Multiply and simplify. \( \begin{array}{l}(\sqrt{x}-3 \sqrt{3})(\sqrt{x}+3 \sqrt{3})=\square \\ (\sqrt{x}+\sqrt{3})^{2}=\square\end{array} \)

To solve the first expression \((\sqrt{x}-3 \sqrt{3})(\sqrt{x}+3 \sqrt{3})\), we can recognize it as a difference of squares. The formula for a difference of squares is \(a^2 - b^2\), where \(a = \sqrt{x}\) and \(b = 3\sqrt{3}\). \[ (\sqrt{x})^2 - (3\sqrt{3})^2 = x - 27 \] So, \((\sqrt{x}-3 \sqrt{3})(\sqrt{x}+3 \sqrt{3}) = x - 27\).
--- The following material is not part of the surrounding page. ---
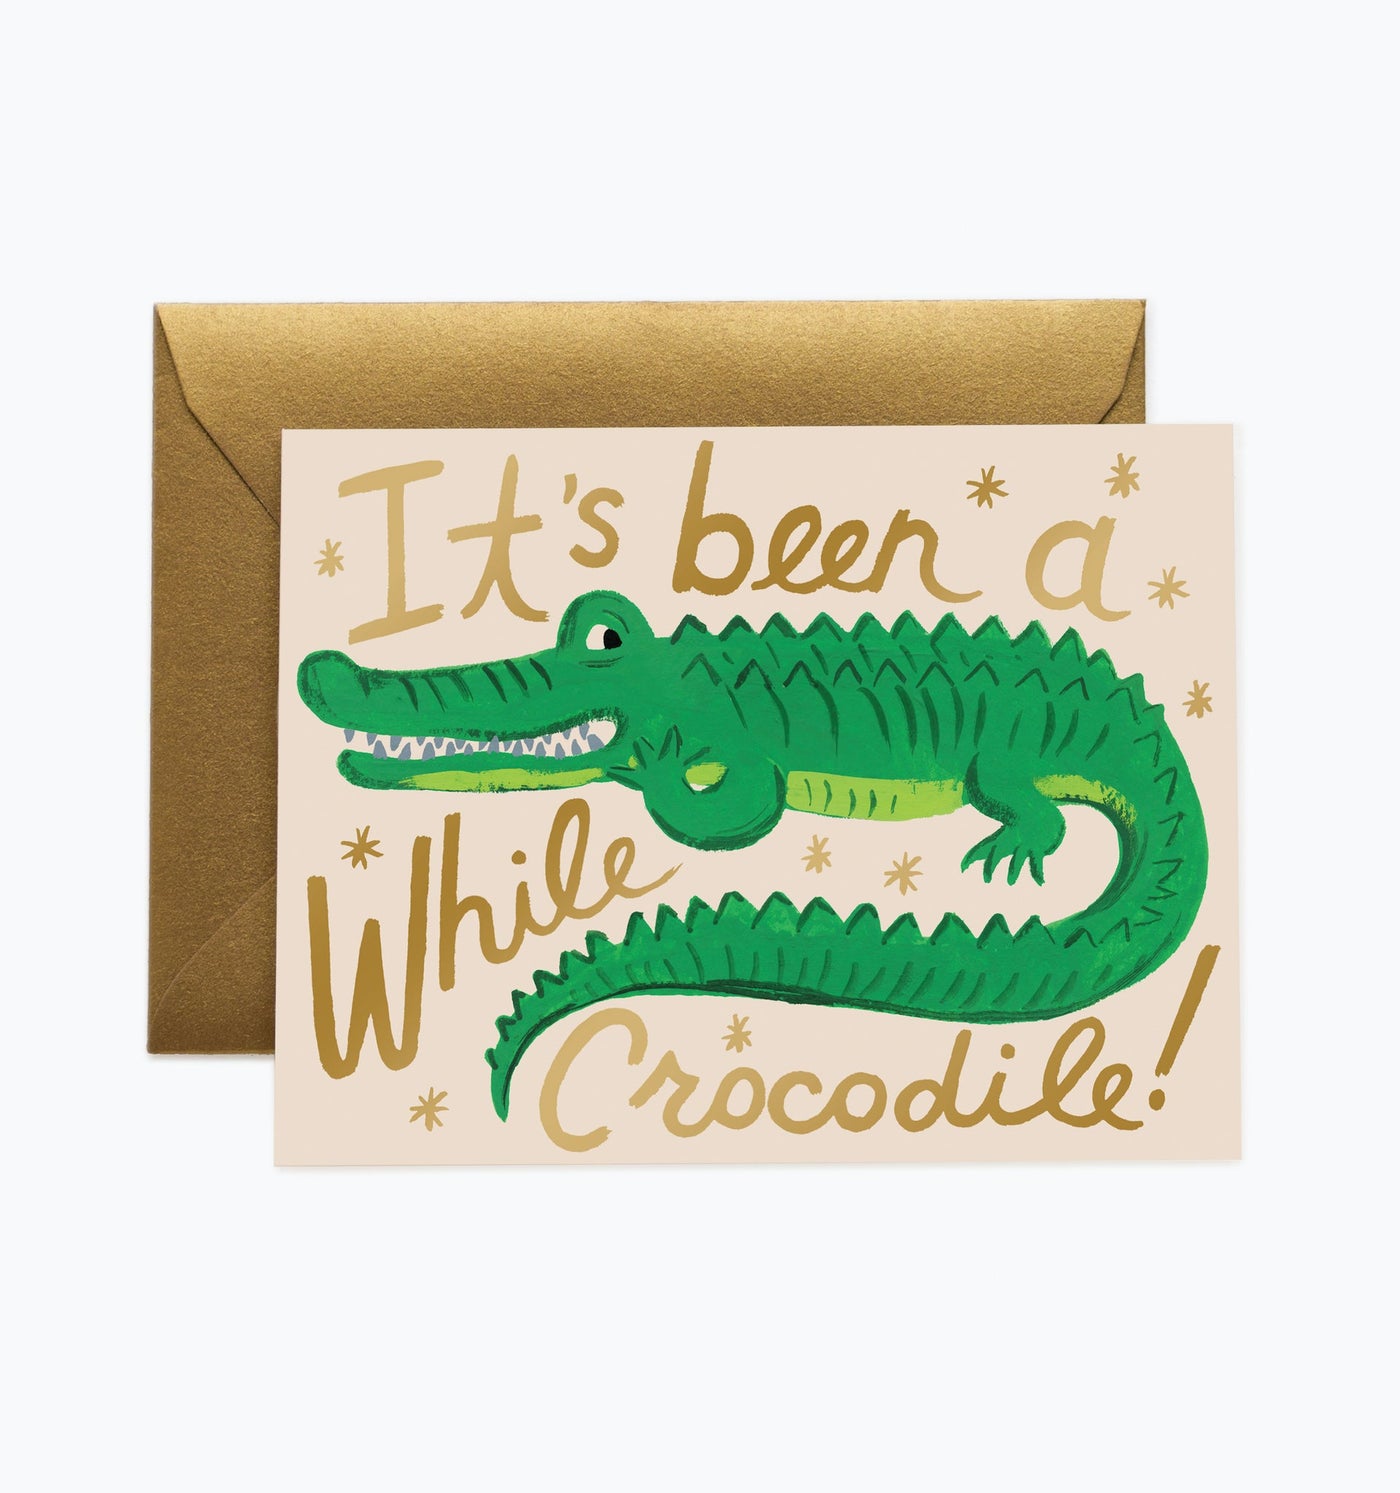 It's Been A While Crocodile! - Greetings Card by Rifle Paper Co

Now, for the second expression \((\sqrt{x}+\sqrt{3})^{2}\), we can expand it using the formula \((a+b)^2 = a^2 + 2ab + b^2\): \[ (\sqrt{x})^2 + 2(\sqrt{x})(\sqrt{3}) + (\sqrt{3})^2 = x + 2\sqrt{3x} + 3 \] Thus, \((\sqrt{x}+\sqrt{3})^{2} = x + 2\sqrt{3x} + 3\). To summarize: 1. \( (\sqrt{x}-3 \sqrt{3})(\sqrt{x}+3 \sqrt{3}) = x - 27 \) 2. \( (\sqrt{x}+\sqrt{3})^{2} = x + 2\sqrt{3x} + 3 \)